MongersenParla italiano Mongersen, un nuovo farmaco pensato per i pazienti con malattia di Crohn. È questo l’esito di un studio clinico multicentrico che porta la firma di un gruppo di ricercatori della Cattedra di Gastroenterologia dell’Università di Roma Tor Vergata. Coordinatore del gruppo di lavoro è il professor Giovanni Monteleone, Ordinario di Gastroenterologia all’università romana, che per più di dieci anni ha portato avanti ricerche sperimentali che hanno fornito le basi per l’ideazione e l’elaborazione del nuovo farmaco.
La notizia ha varcato presto i confini nazionali. La rivista The New England Journal of Medicine infatti, nell’ultimo numero del mese di marzo, ha pubblicato i risultati di uno studio di fase II, condotto per valutare l’efficacia del nuovo farmaco. Il medicinale in questione agisce sopprimendo in maniera selettiva la produzione di Smad7, ossia una proteina che si esprime a livelli elevati nell’intestino dei pazienti con morbo di Chron e che amplifica i processi infiammatori. La soppressione di tale inibitore dell’attività del Transforming Growth Factor-beta (un immunosoppressore intestinale) consentirebbe, stando alle ricerche, di ripristinare nell’intestino dei degenti i normali e fisiologici meccanismi antinfiammatori operanti nei soggetti sani.
I dati, al momento, sono confortanti. La sperimentazione clinica, che ha visti impegnati sedici centri in Italia e uno in Germania, ha chiamato in causa 166 pazienti con malattia di Chron attiva e resistenti ai trattamenti forniti con i tradizionali infiammatori. Il Mongersen è stato somministrato per due settimane al dosaggio di 10, 40,160 mg. I risultati hanno dimostrato che la cura si è rivelata efficace nell’80% dei pazienti. Oltre il 60%, inoltre, ha raggiunto uno stato di totale remissione clinica che è stata mantenuta per tre mesi, ovvero per tutto il periodo di osservazione. Buoni anche i riscontri in merito alla sicurezza del farmaco. Gli effetti indesiderati, infatti, sono stati per la maggior parte dei casi correlati alle complicanze e ai sintomi del morbo di Crohn.
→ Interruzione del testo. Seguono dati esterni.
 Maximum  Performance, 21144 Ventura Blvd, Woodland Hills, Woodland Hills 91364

Le conclusioni fin qui raggiunte rappresentano un buon punto di partenza per i nuovi studi di fase III, che verranno presto avviati in tutto il mondo e che, come dichiarato dallo stesso professor Monteleone sul sito istituzionale dell’università, coinvolgeranno un maggior numero di pazienti.
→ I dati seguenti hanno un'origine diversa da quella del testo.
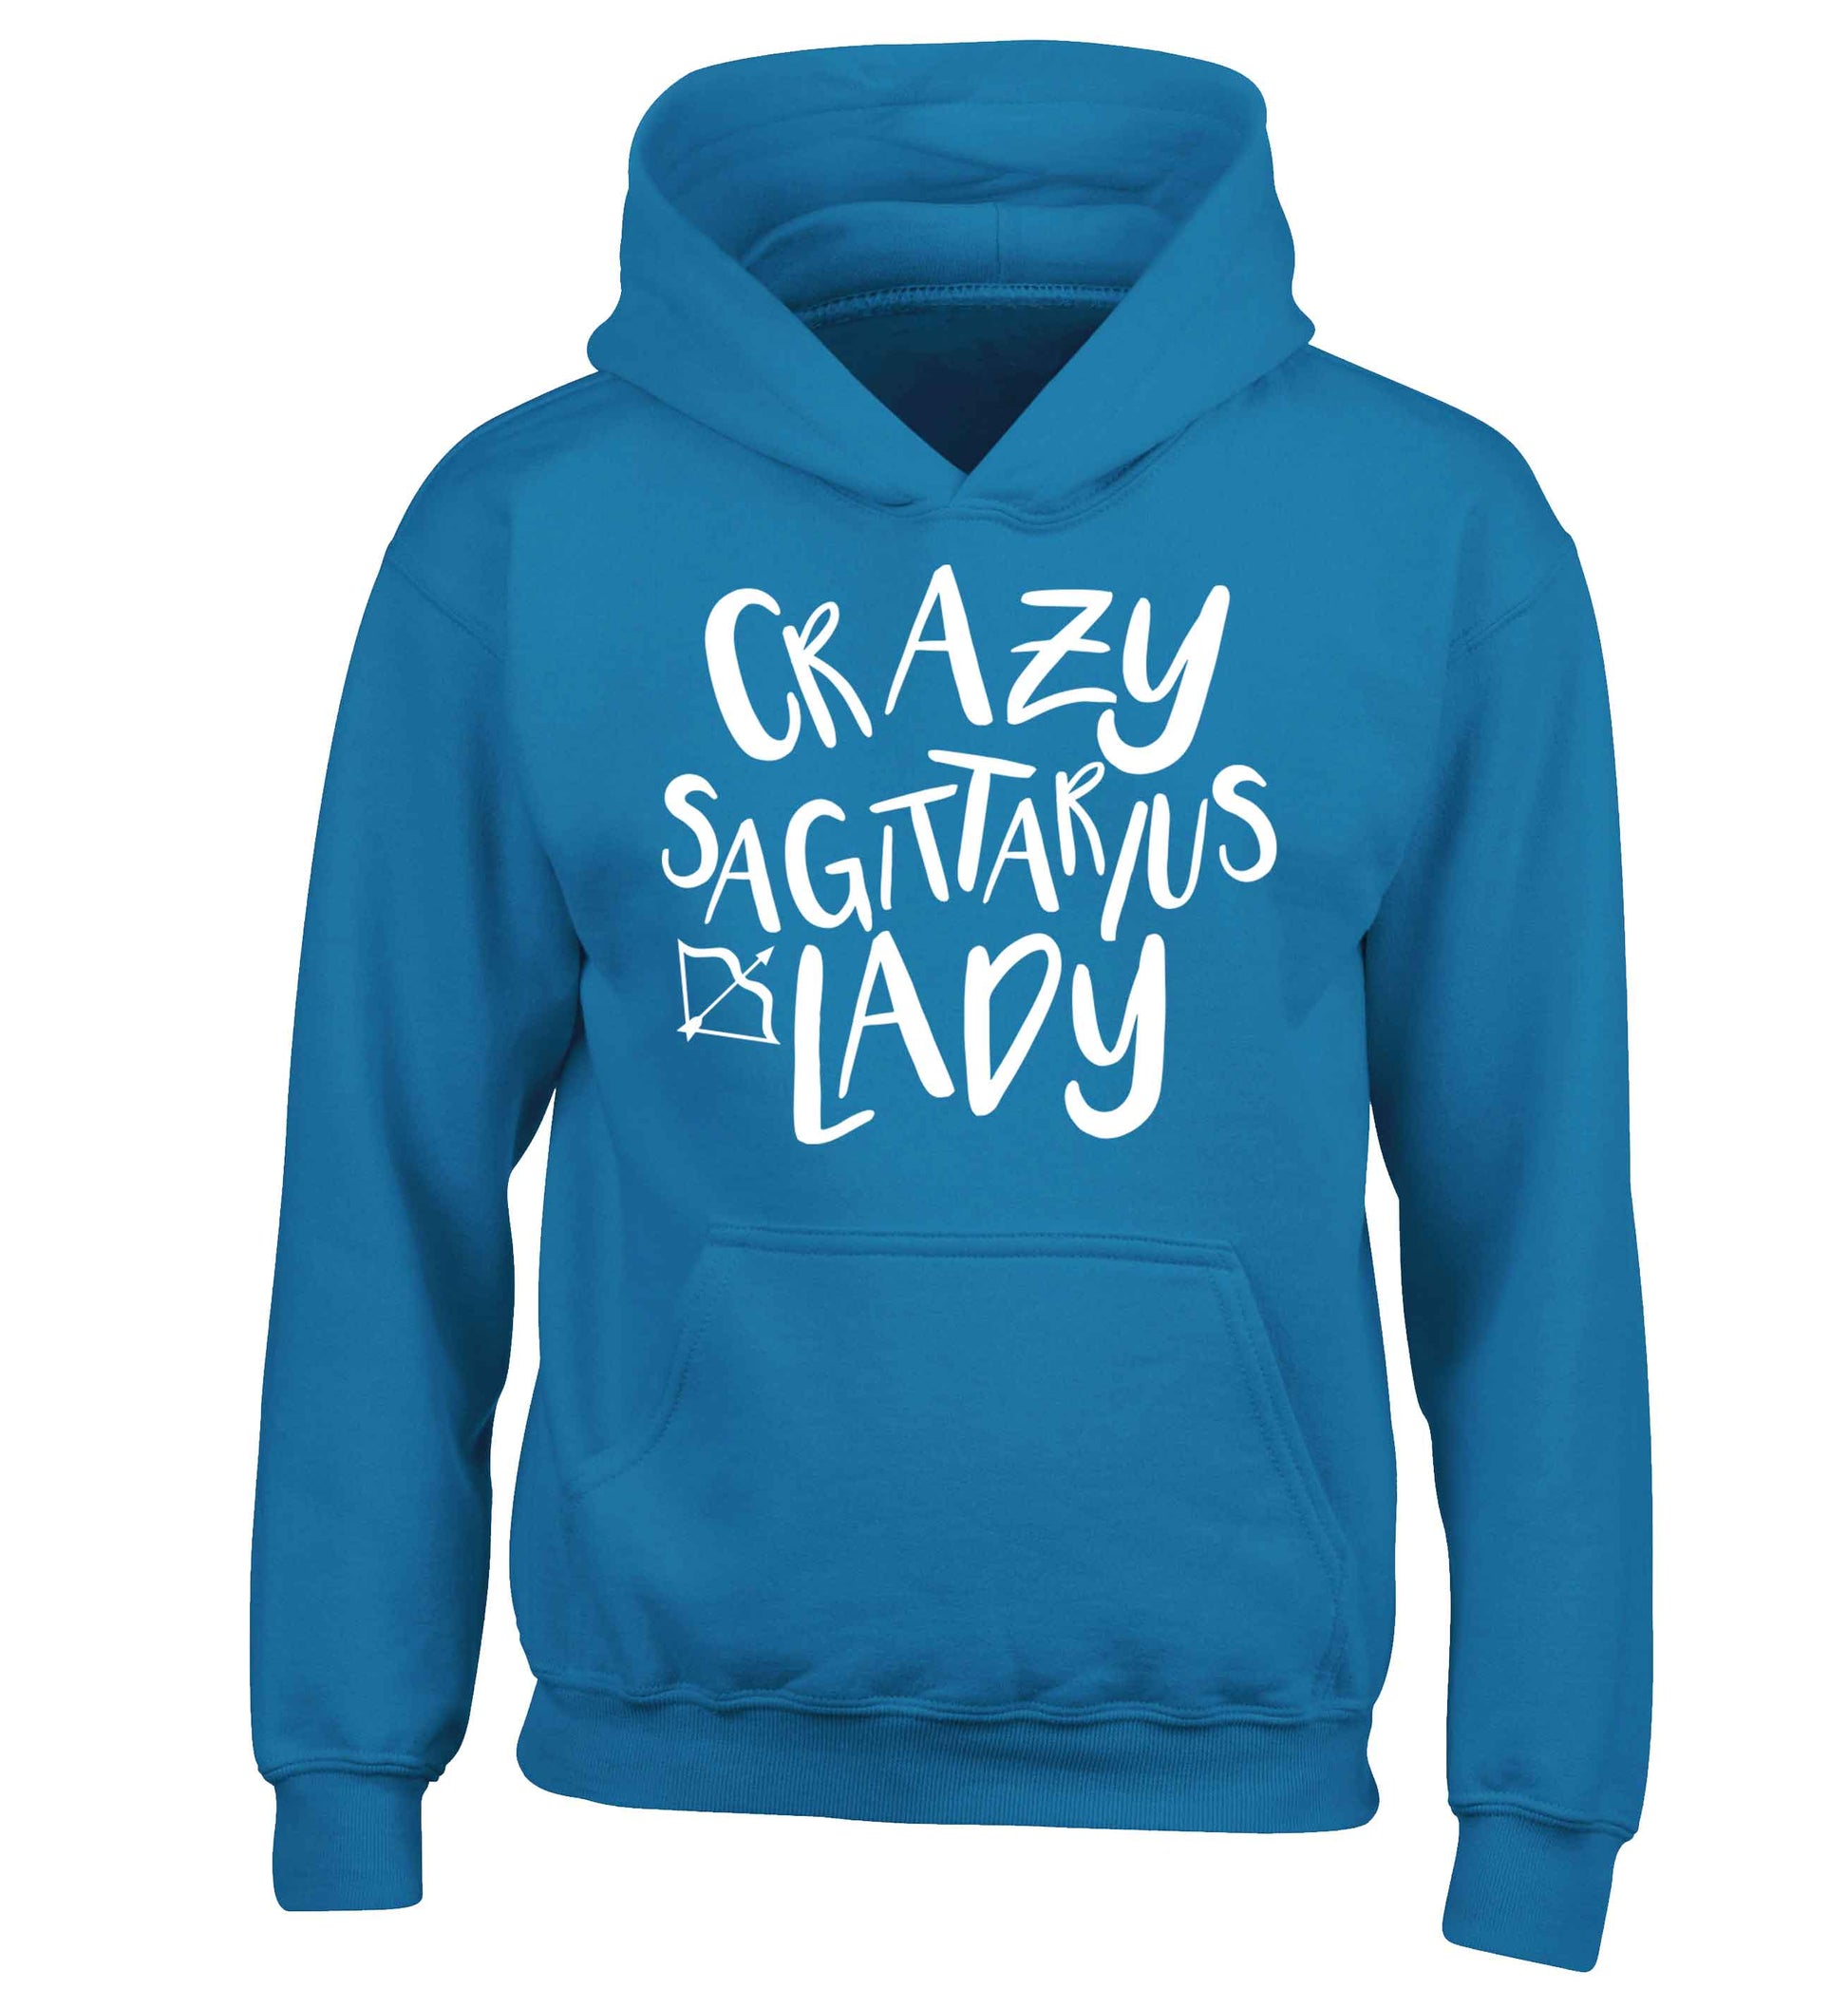 Crazy sagittarius lady children's blue hoodie 12-13 Years

Complimenti al docente, al gruppo di ricerca e al Dipartimento di Medicina dei Sistemi dell’Università sono arrivati dal rettore di Tor Vergata Giuseppe Novelli che ha voluto sottolineare la qualità della ricerca condotta a Roma da un Ateneo che guarda con attenzione al programma di rientro dei cervelli finanziato dal Miur.
Adesso Mongersen aspetta la fase III.